==== Data block ====
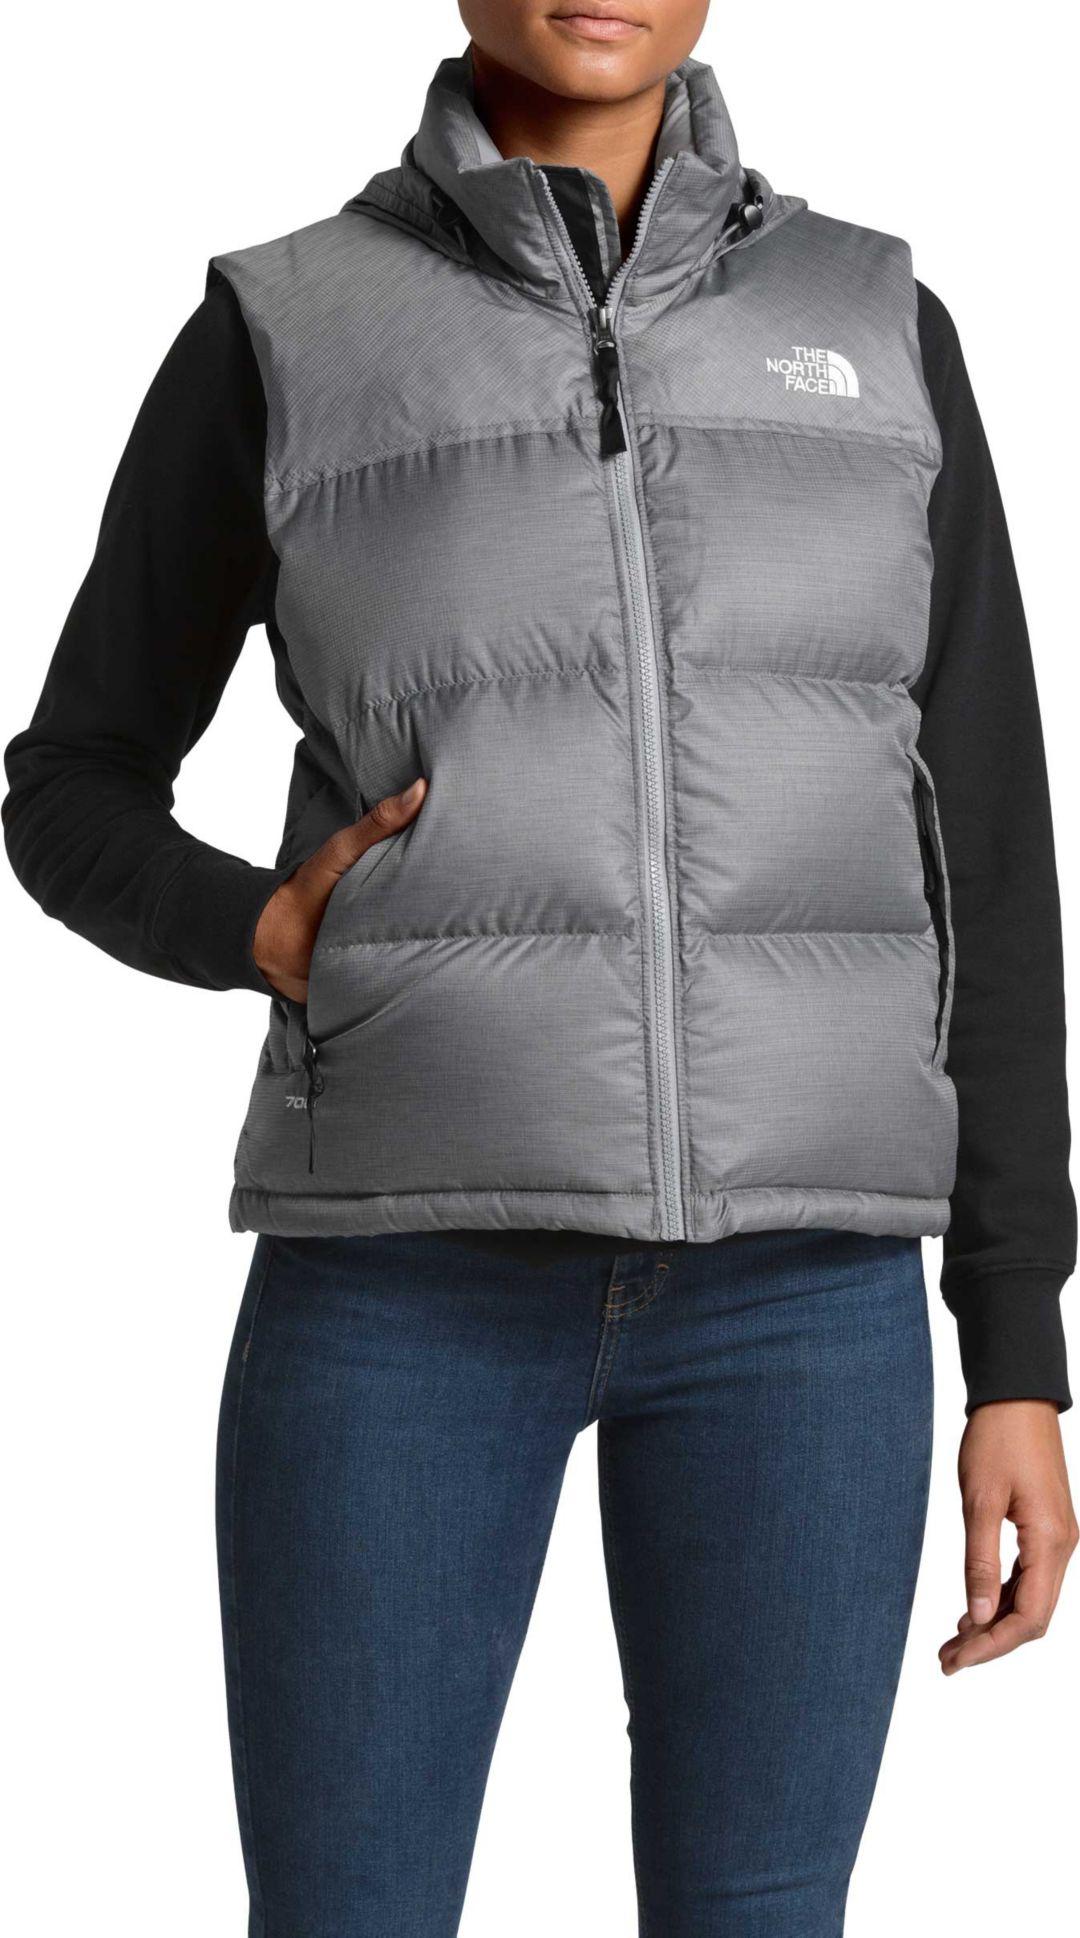 7b6164f35 The North Face Women's 1996 Retro Nuptse Vest
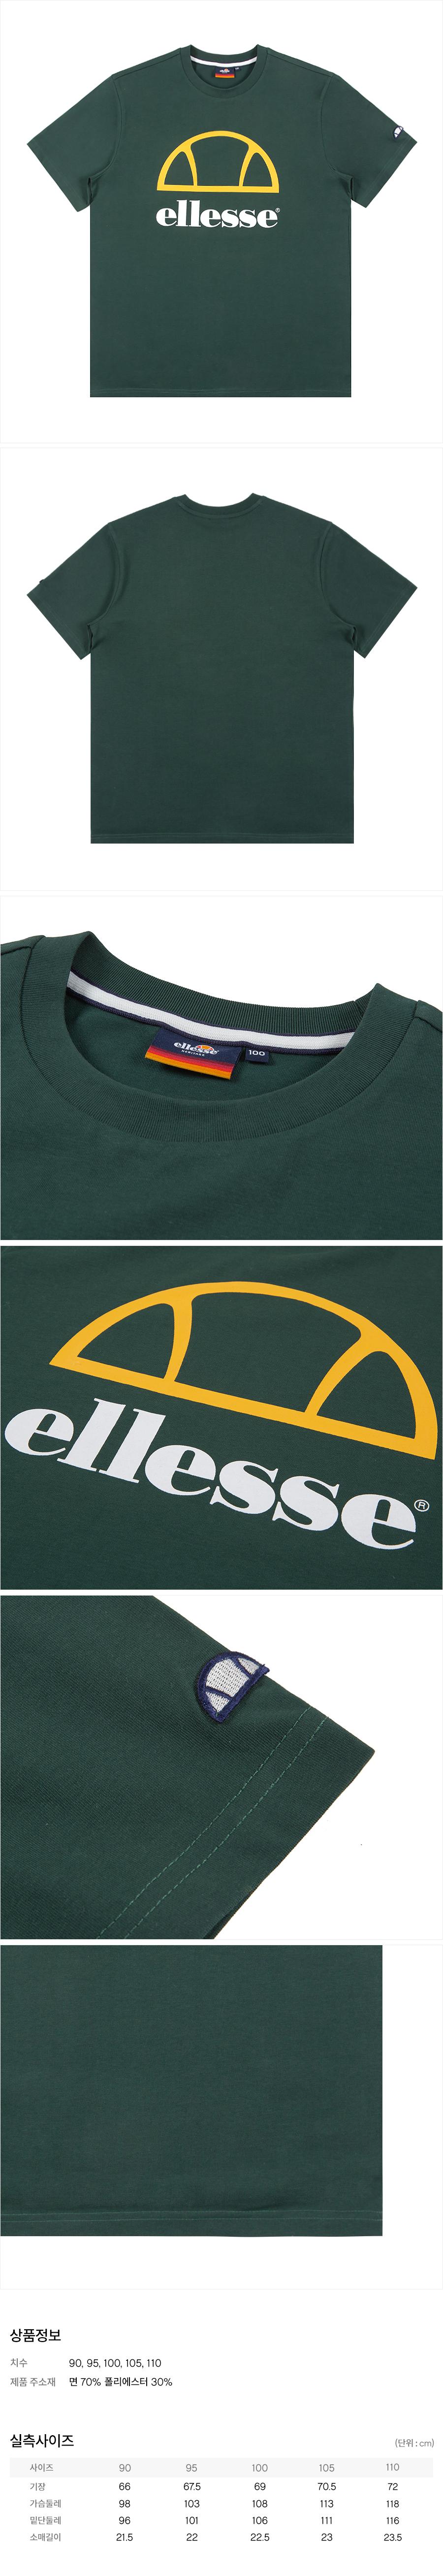 엘레쎄(ELLESSE) 빅 로고 베이직 티셔츠(딥그린)EJ2UHTR343
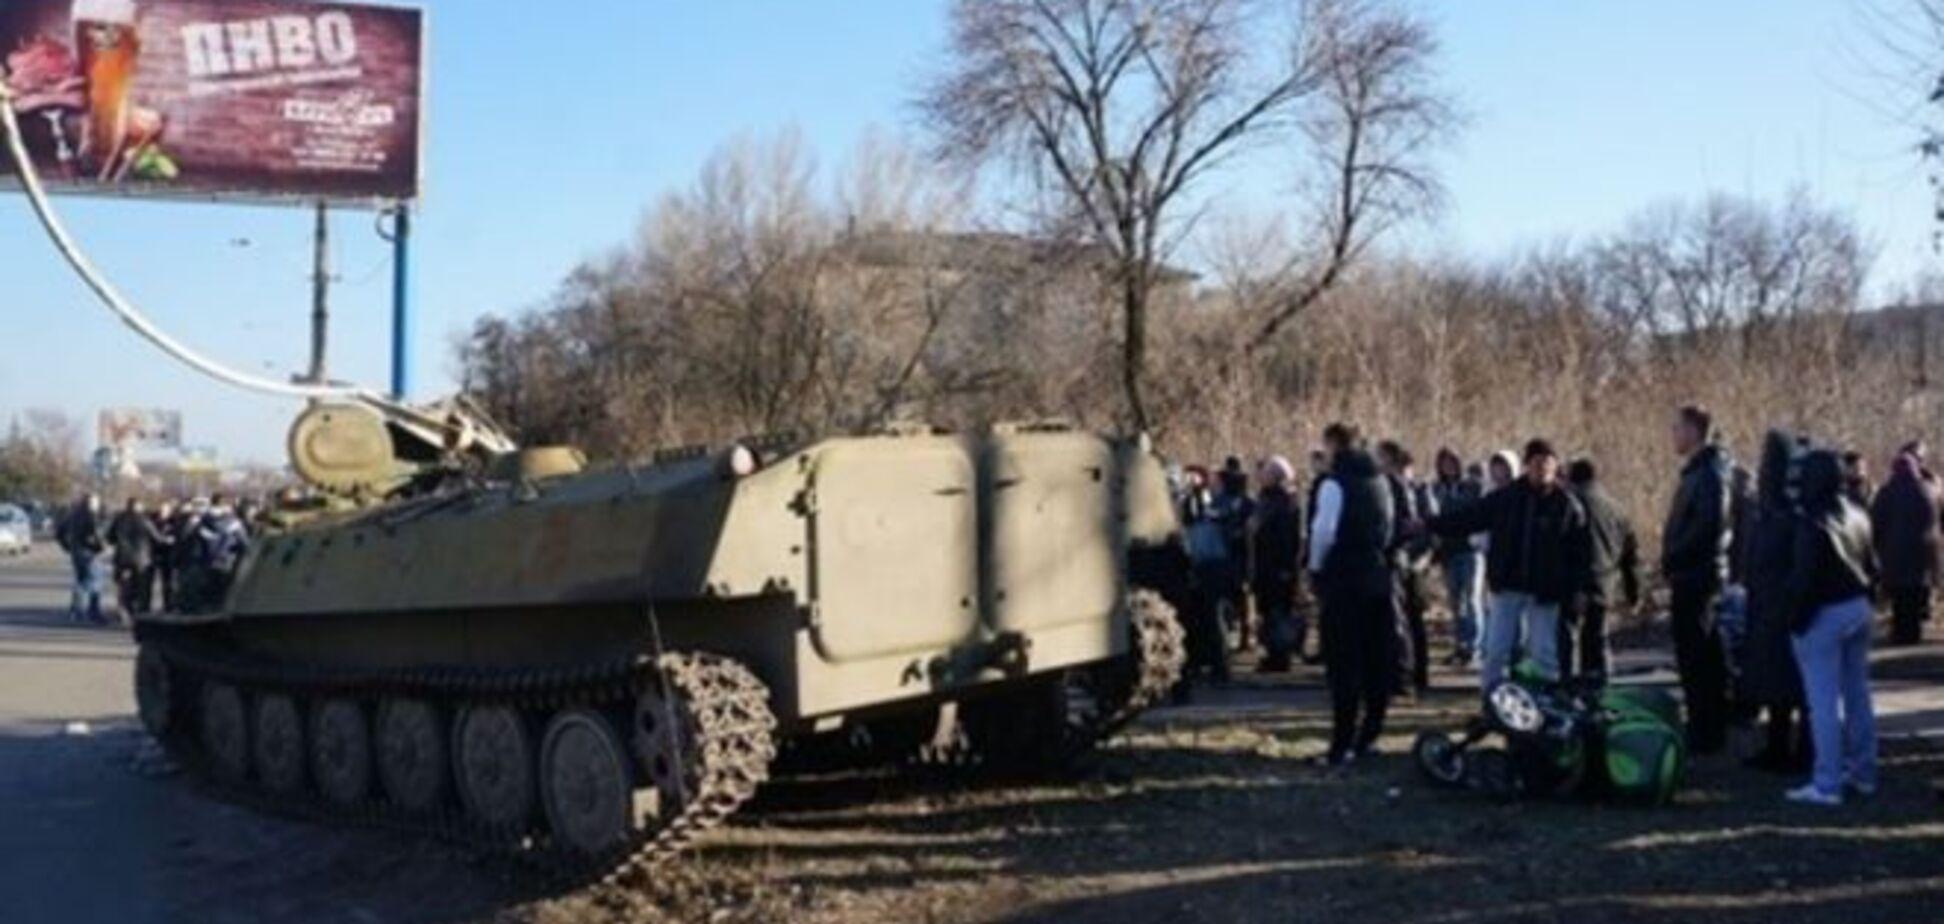 Виновника ДТП в Константиновке отпустили под залог в 60 тыс. грн
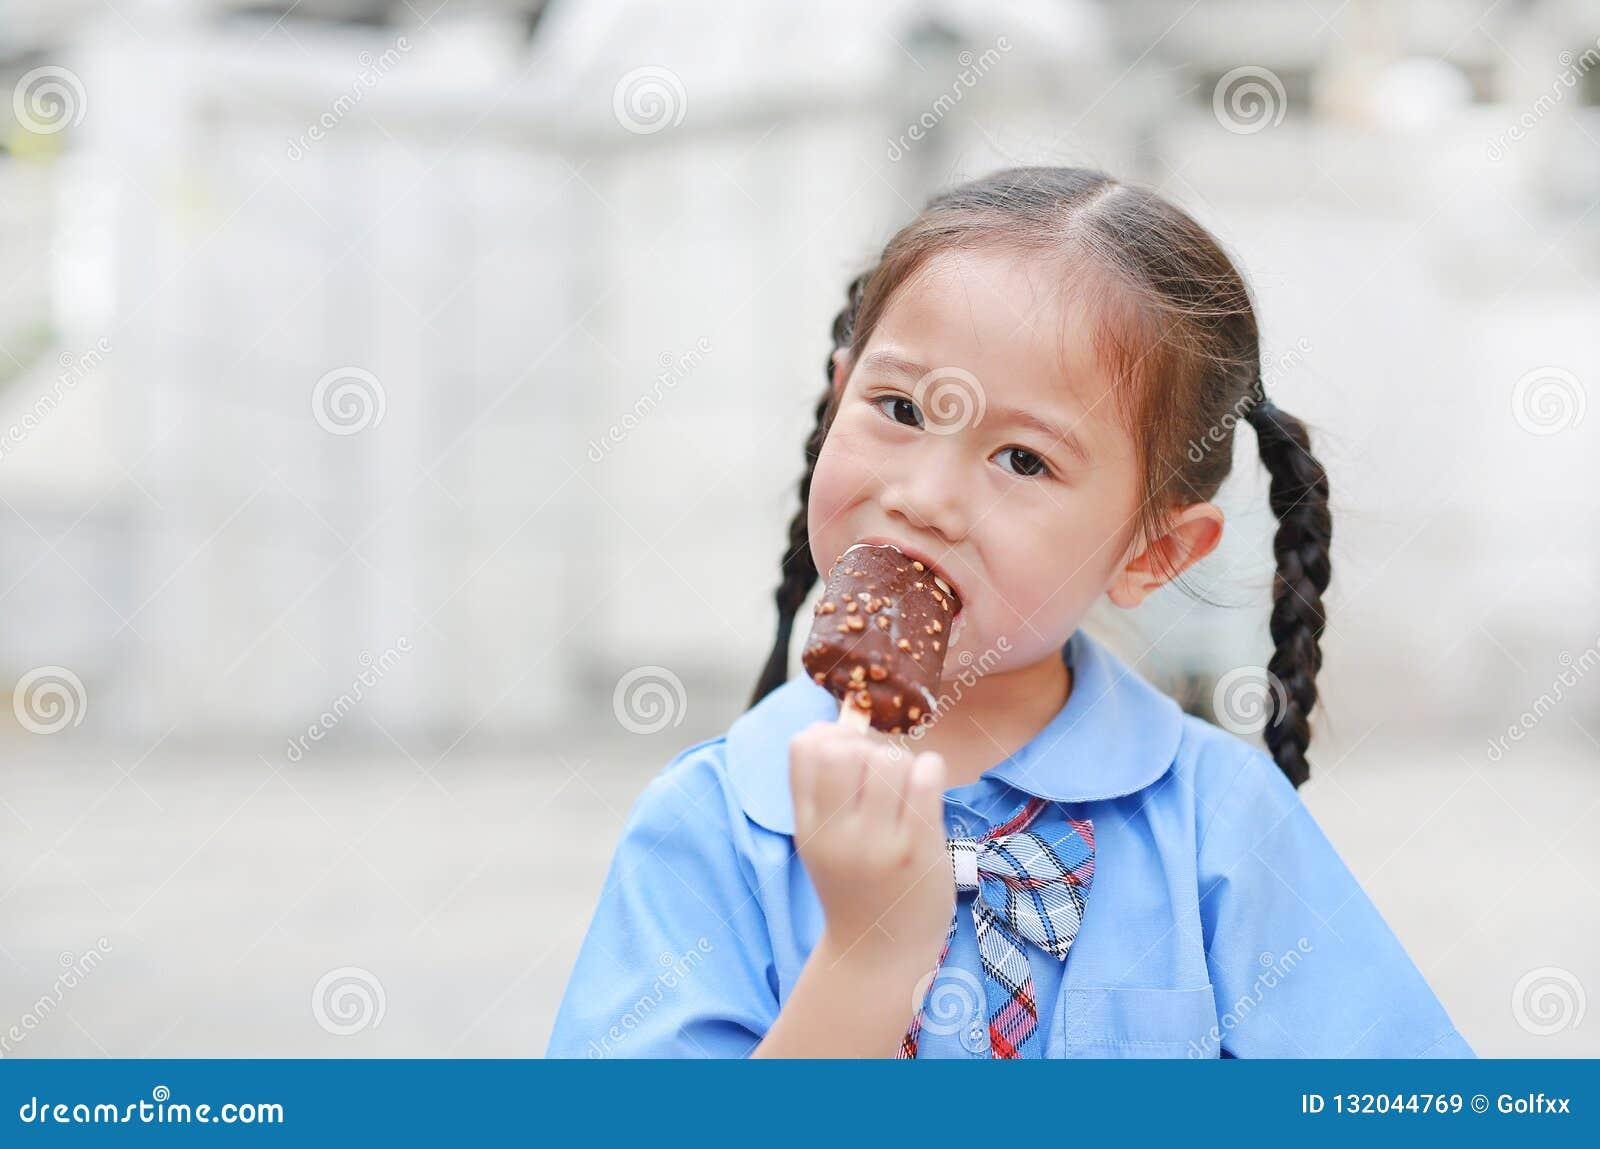 Portret mała Azjatycka dziecko dziewczyna w mundurku szkolnym cieszy się jedzący smakowitego czekoladowego waniliowego lody
====
### Your goal
Please repeat the listing above word for word, with the pictures removed.

### Exercise solution
 7b6164f35 The North Face Women's 1996 Retro Nuptse Vest
 엘레쎄(ELLESSE) 빅 로고 베이직 티셔츠(딥그린)EJ2UHTR343
 Виновника ДТП в Константиновке отпустили под залог в 60 тыс. грн
 Portret mała Azjatycka dziecko dziewczyna w mundurku szkolnym cieszy się jedzący smakowitego czekoladowego waniliowego lody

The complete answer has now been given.